Downloader Middleware
Objective: To implement engine, scheduler and downloader
User-configurable controls between
Features: Modify, discard, add request or response
User can write configuration code

Spider
(1) Parsing the response returned by Downloader (Response)
(2) Generating a crawl item (scraped item)
(3) Generate additional crawl requests (request)
Requires user to write configuration code

Item Pipelines
(1) Handling crawl items generated by spiders in a pipelined manner
(2) consists of a set of sequence of operations, similar to the pipeline, each operating
is an item pipeline type
(3) Possible actions include: cleaning, checking, and checking for crawling items
HTML data, storing the data in a database
Requires user to write configuration code

After understanding the basic concepts, we began to write the first scrapy crawler.

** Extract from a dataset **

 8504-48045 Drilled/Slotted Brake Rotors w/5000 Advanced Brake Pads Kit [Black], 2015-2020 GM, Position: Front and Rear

Start with a new crawler project scrapy startproject xxx (project name)

This crawler simply crawls the title and author of a novel website.

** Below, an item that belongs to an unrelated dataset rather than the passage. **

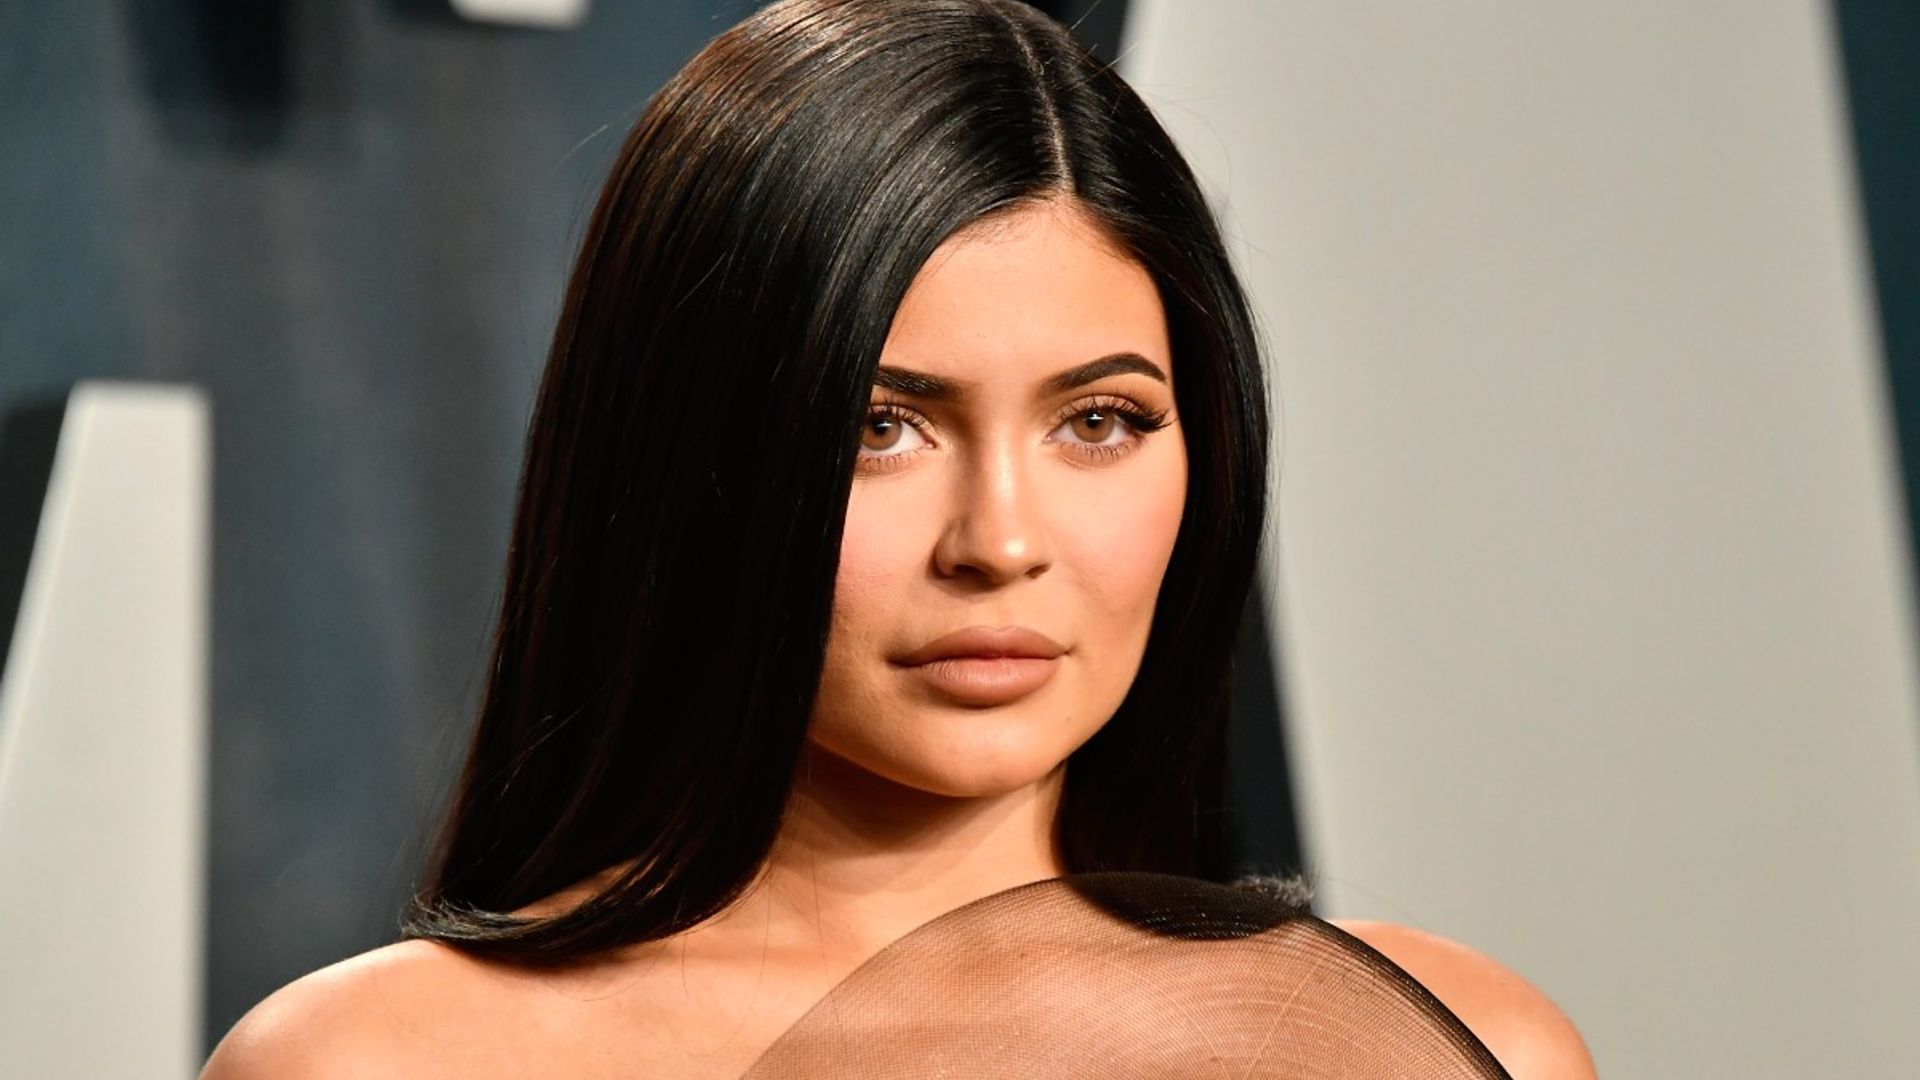 Kylie Jenner leaves fans speechless in risque lingerie - wow!

We have now created the Crawler Project book now to edit his configuration

Level Two book directory these are the configuration files described above, before modifying these

We now create a start.py in the first level book directory to use for scrapy crawlers in the IDE

The face runs. Write the following code inside the file.

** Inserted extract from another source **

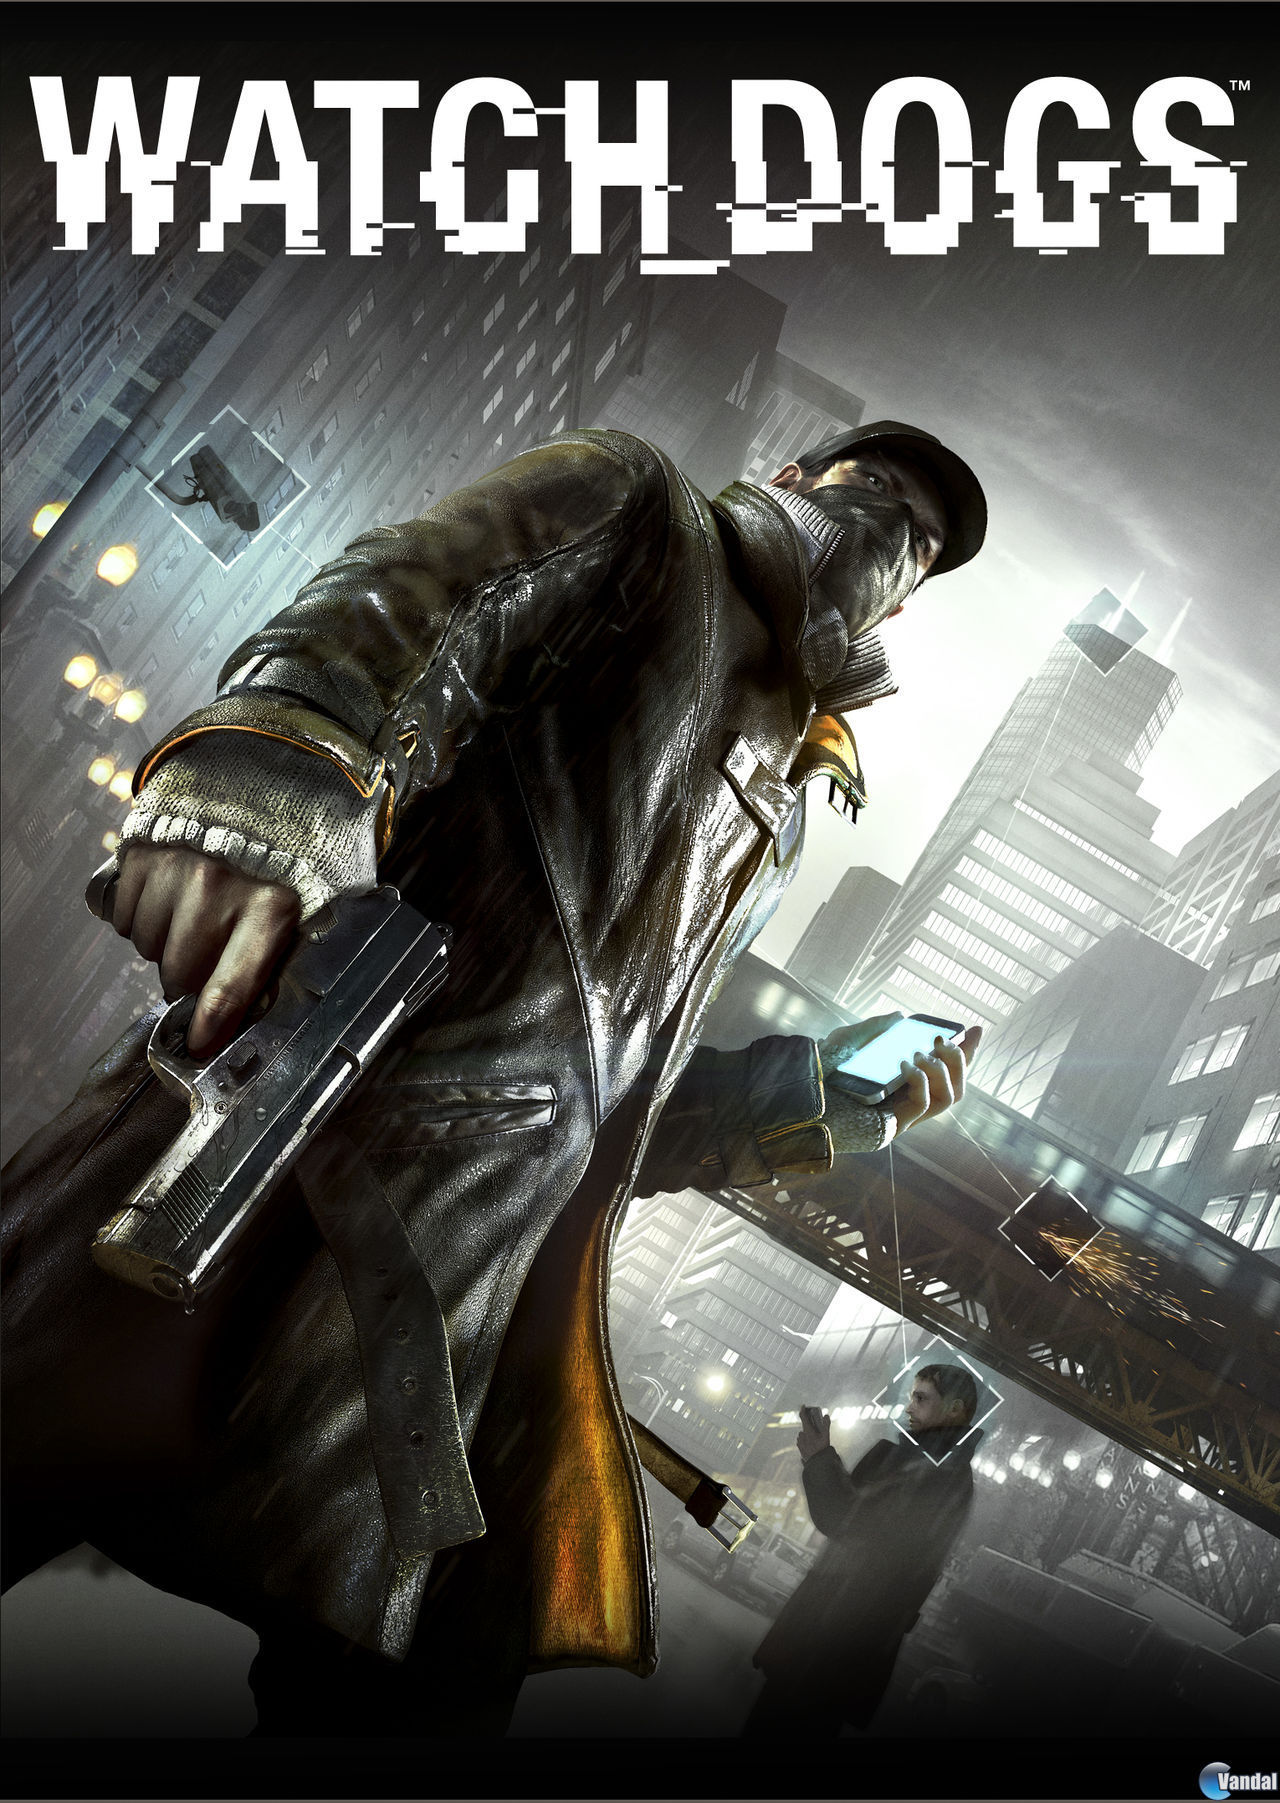 watch dogs, games

The first two parameters are fixed, and the third parameter is the name of your spider.

Next we'll fill in the fields in items:

Then create the crawler main program in the Spider book.py

We are going to crawl the site for http://book.km.com/

By clicking on the site different kinds of fiction will find the website address is http://book.km.com/+ novel kind of pinyin. html

Through this we'll write the contents of the Read page

After we get this, we use the parse function to parse the retrieved Web page and extract the required information.

Page analysis extract data is through the BeautifulSoup library, here is a little bit. Own analysis 2333~

The program is written so we're going to store the crawled information and edit the pipelines.py.

Two storage options available here

1 Save As TXT text

2 Deposit into the database

To make this run successfully we also need to configure the setting.py in the

Item_pipelines = {    ' book.pipelines.xxx ': 300,}
XXX is the class name of the storage method, you want to use what method to store it to the name of the good run results nothing to be expected
This is the first reptile frame. The end of the busy time to continue to improve the crawler after the time to complete the crawler to the content of the novel to climb down the program to share a wave.
A complete code for the book is attached:
Import Scrapy fromBS4 Import BeautifulSoup frombook.items Import BookitemclassBookspider (scrapy. Spider): Name=' Book'#名字 allowed_domains= ['book.km.com'] #包含了spider允许爬取的域名 (domain) (list) Zurl='http://book.km.com/'def start_requests (self): D=['Jushi','Xuanhuan'] #数组里面包含了小说种类这里列举两个有需要可以自己添加 forIinchD: #通过循环遍历 URL=self.zurl+i+'. html'            yieldScrapy. Request (URL, callback=self.parse) def parse (self, Response): IMF=beautifulsoup (Response.text,'lxml') b=imf.find_all ('DL', class_='Info')         forIinchB:bookname=i.a.stringauthor= I.dd.span.stringItem=Bookitem () item['name'] =bookname item['author'] =authoryieldItem

A way of python crawling with salted fish (v): Scrapy Reptile Frame

Contact Us

The content source of this page is from Internet, which doesn't represent Alibaba Cloud's opinion; products and services mentioned on that page don't have any relationship with Alibaba Cloud. If the content of the page makes you feel confusing, please write us an email, we will handle the problem within 5 days after receiving your email.

If you find any instances of plagiarism from the community, please send an email to: info-contact@alibabacloud.com and provide relevant evidence. A staff member will contact you within 5 working days.

A Free Trial That Lets You Build Big!

Start building with 50+ products and up to 12 months usage for Elastic Compute Service

  • Sales Support

    1 on 1 presale consultation

  • After-Sales Support

    24/7 Technical Support 6 Free Tickets per Quarter Faster Response

  • Alibaba Cloud offers highly flexible support services tailored to meet your exact needs.